Linkwood 10 Year (SMWS 39.229 "A Merry Dance")

 


 The sixth of six drams served at the April outturn tasting for the Scotch Malt Whisky Society ("SMWS") at the Jack Rose Saloon in Adams Morgan, Washington DC. At these events, you sit at a small table and one by one make guesses about the six scotches in front of you: age, type of cask, which distillery (multiple choice, out of five provided), along with a field to write notes. 

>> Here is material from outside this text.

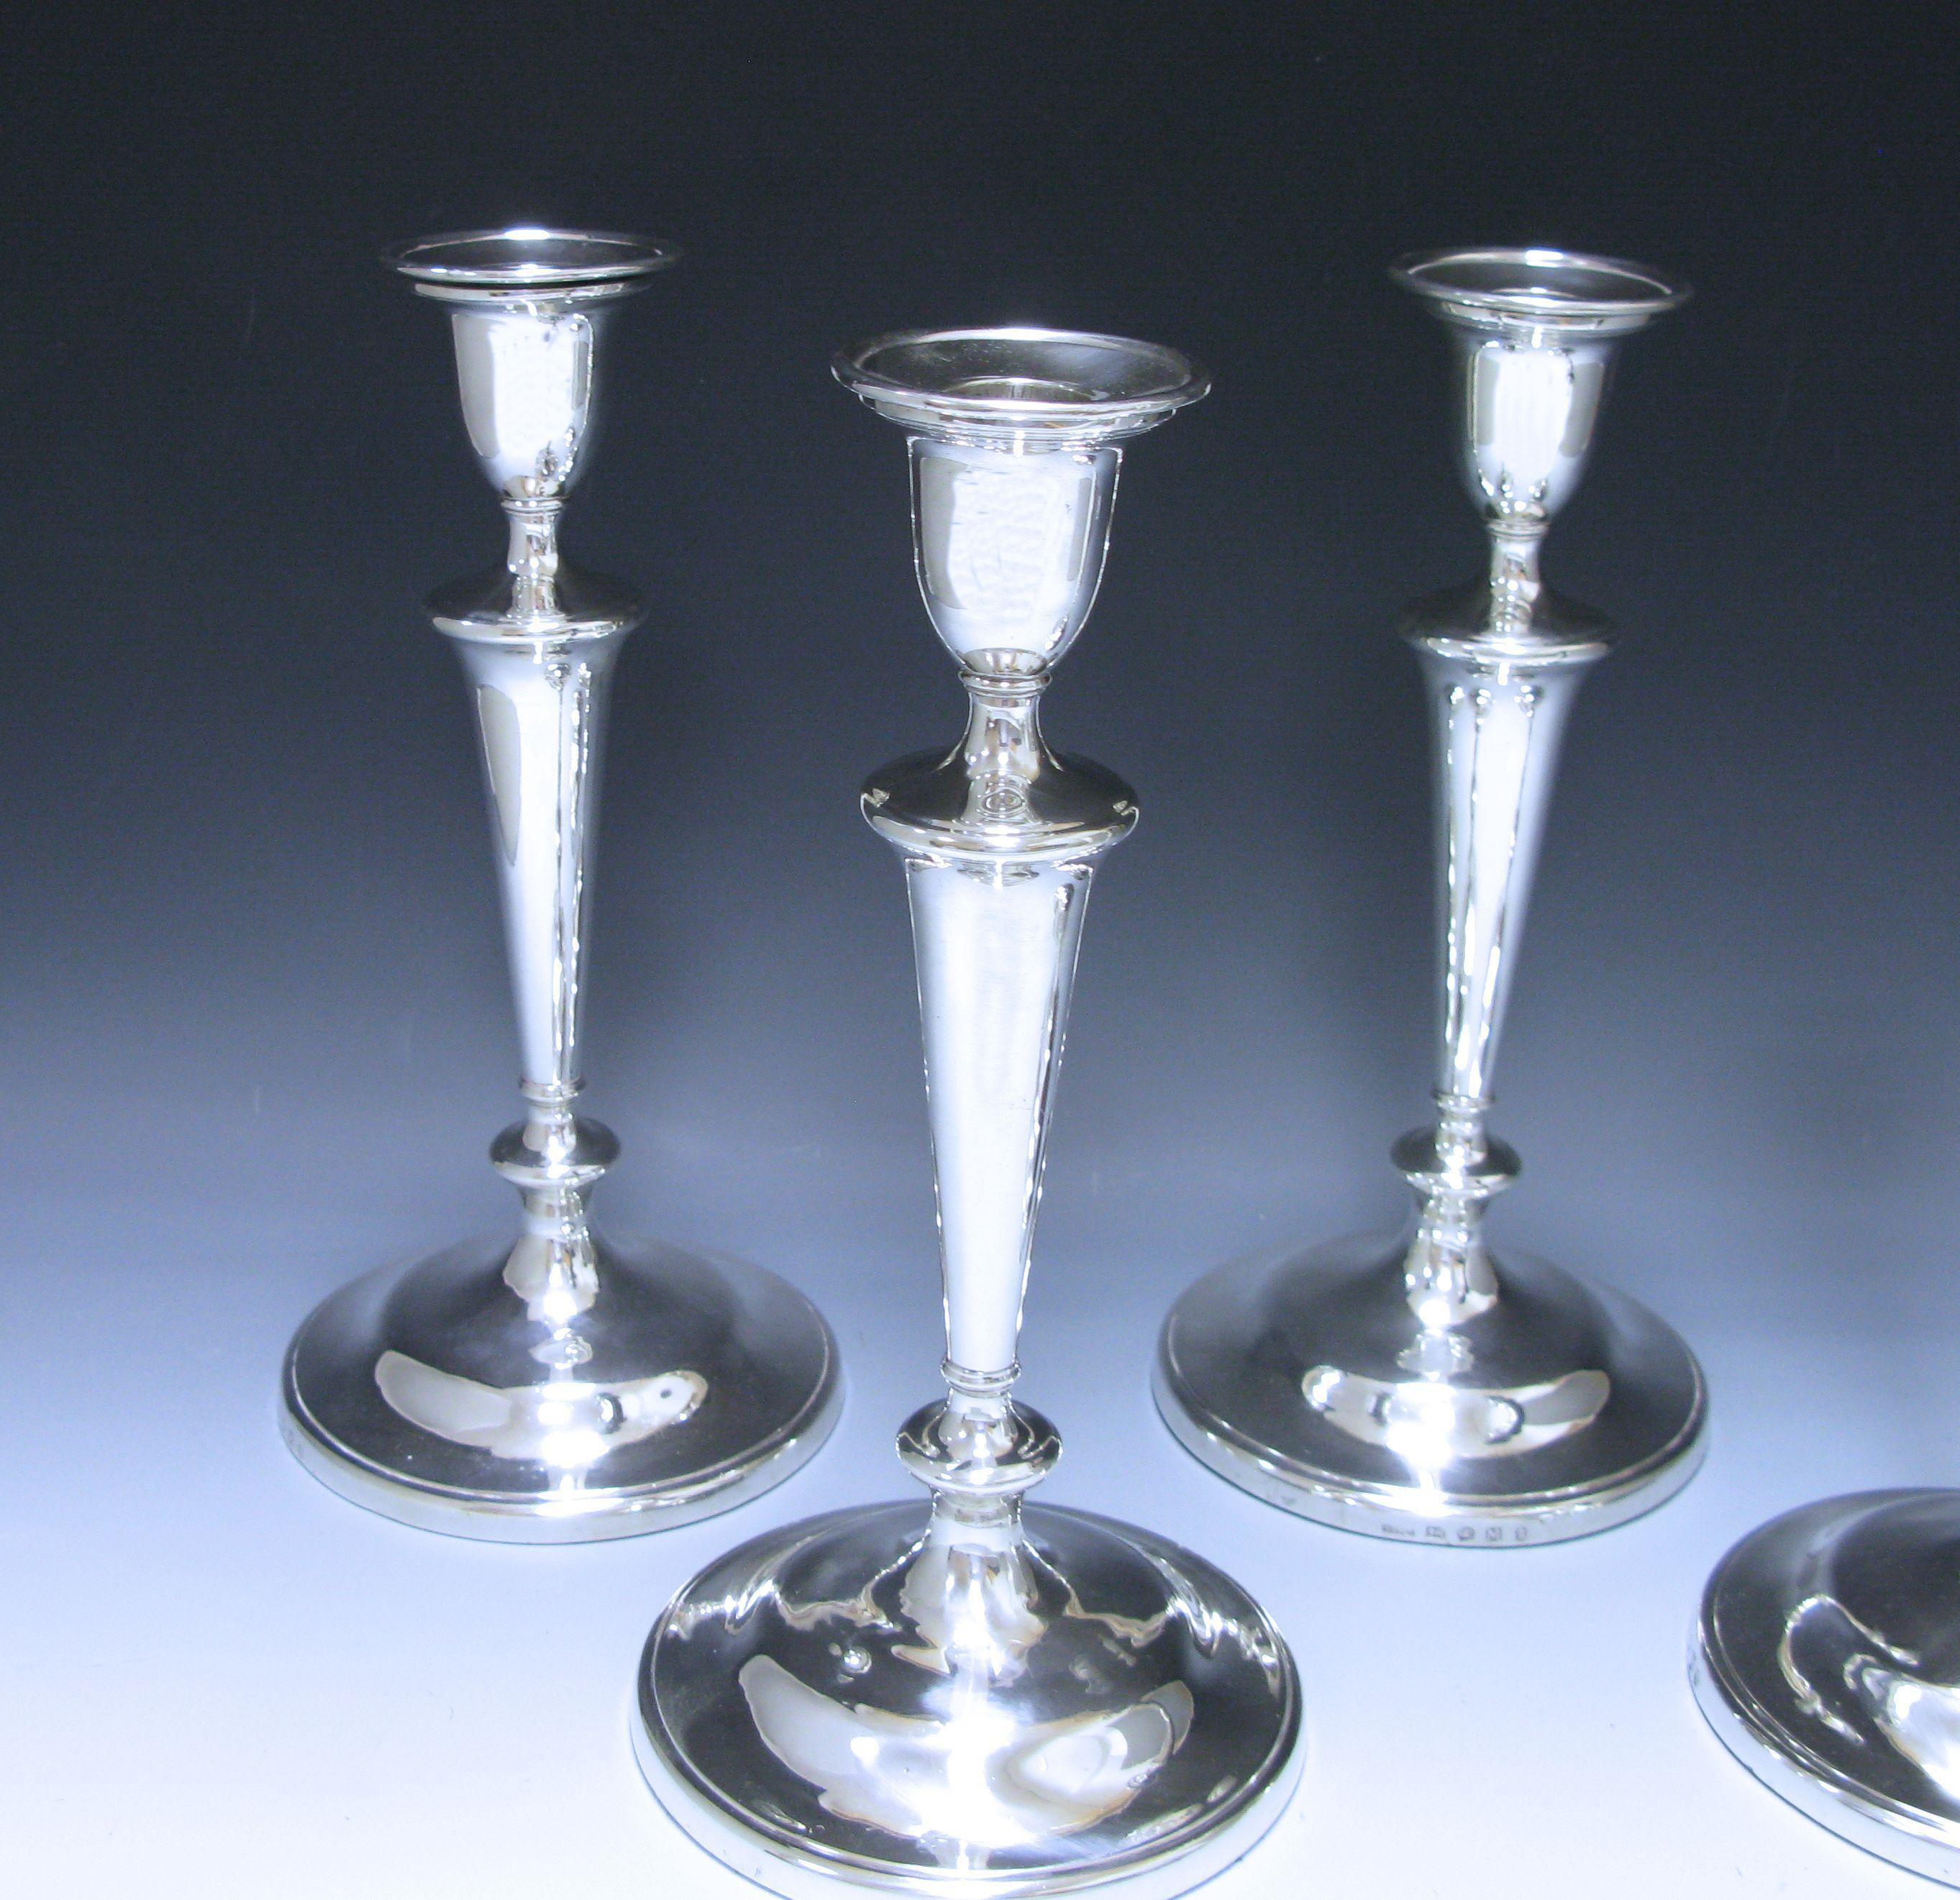 An impressive set of four antique George III sterling silver candlesticks which are plain and unembellished with bell shaped capitals. Each candlestick retains the original hallmarked push fit sconce, with a moulded rim. The columns are V-shaped and

Linkwood is a distillery I particularly like. Although I've only had a handful of their bottles, all from independent sources, and only reviewed two of those, I still count myself a fan of their distillate. It's both delicate and rich, with a distinct and flavorful character. Dating to 1821, the distillery stayed in the Brown family for quite some time before passing by share purchase to Innes Cameron, and then to Rodrick Mackenzie after WWII. 

Currently, of course, it's owned by beverage titan Diageo, and is largely funneled into blends like Johnnie Walker and White Horse. Let's check out the official tasting notes:

After eight years in regular ex-bourbon wood we transferred this into an ex-peaty bourbon barrel. The nose combines limestone and chalk, hay barns and dusty shoe boxes; lime marmalade, satsumas and hibiscus tea; bacon and pancakes with maple syrup. Whispers of smoke appear on the palate – lemon bonbons in coal dust, liquorice laces, Tangfastics and apple crumble, oak tannins and plum sauce on crispy duck. The reduced nose – key lime pie, redcurrant jelly, peaches and rosewater; oaked chardonnay and iodine. The reduced palate remains a tongue twerker – fruit and peat in a merry dance – mojitos, crystallised orange, balsa wood, pickled ginger, wasabi and lime.

How curious! An extremely uncommon two year finish in a barrel that previously held highly peated whisky. Our host for the evening said that SMWS either doesn't know or won't disclose who made the heavily peated malt, so that's anyone's guess. Bottled at 61.2%, let's go a little hunting:

Nose: It smells like a very old Islay - that is, smoke and peat are present, but in such a faded way that it comes across as quite aged. Surprisingly in a ten year whisky, to say the least. It also recalls Highland Park a bit: floral peat (heather), soft smoke, a grassiness. A bit of chili pepper. Chalk or "minerality." A very faint savory quality. 

With some water, it gets somewhat wacky: soup broth! No kidding. 

Mouthfeel: Medium to full. 

Palate: Pepper and flowers - what a mix! Dark edges of smoke. Something clearly industrial - OK, I'll go with "coal dust." Very faint fruit and oak entwined - dry yellow apples or pears. Jalapeno and leather. A very gentle, soft set of flavors - incredibly subtle - considering the rather chewy mouthfeel. Unusual. Earthy and industrial at its core. Water doesn't change the palate much, just adds that chalk note back in. 

Finish: Chili pepper, smoke, and a flower bouquet. 

Verdict: I was entranced by this. What a way to close the night - it's almost haunting in the ghostly flavors that slowly emerge from the glass one by one, some sweet, some savory, all touched by flowers and pepper. Quite a nice bottle. A strange one, but a good one.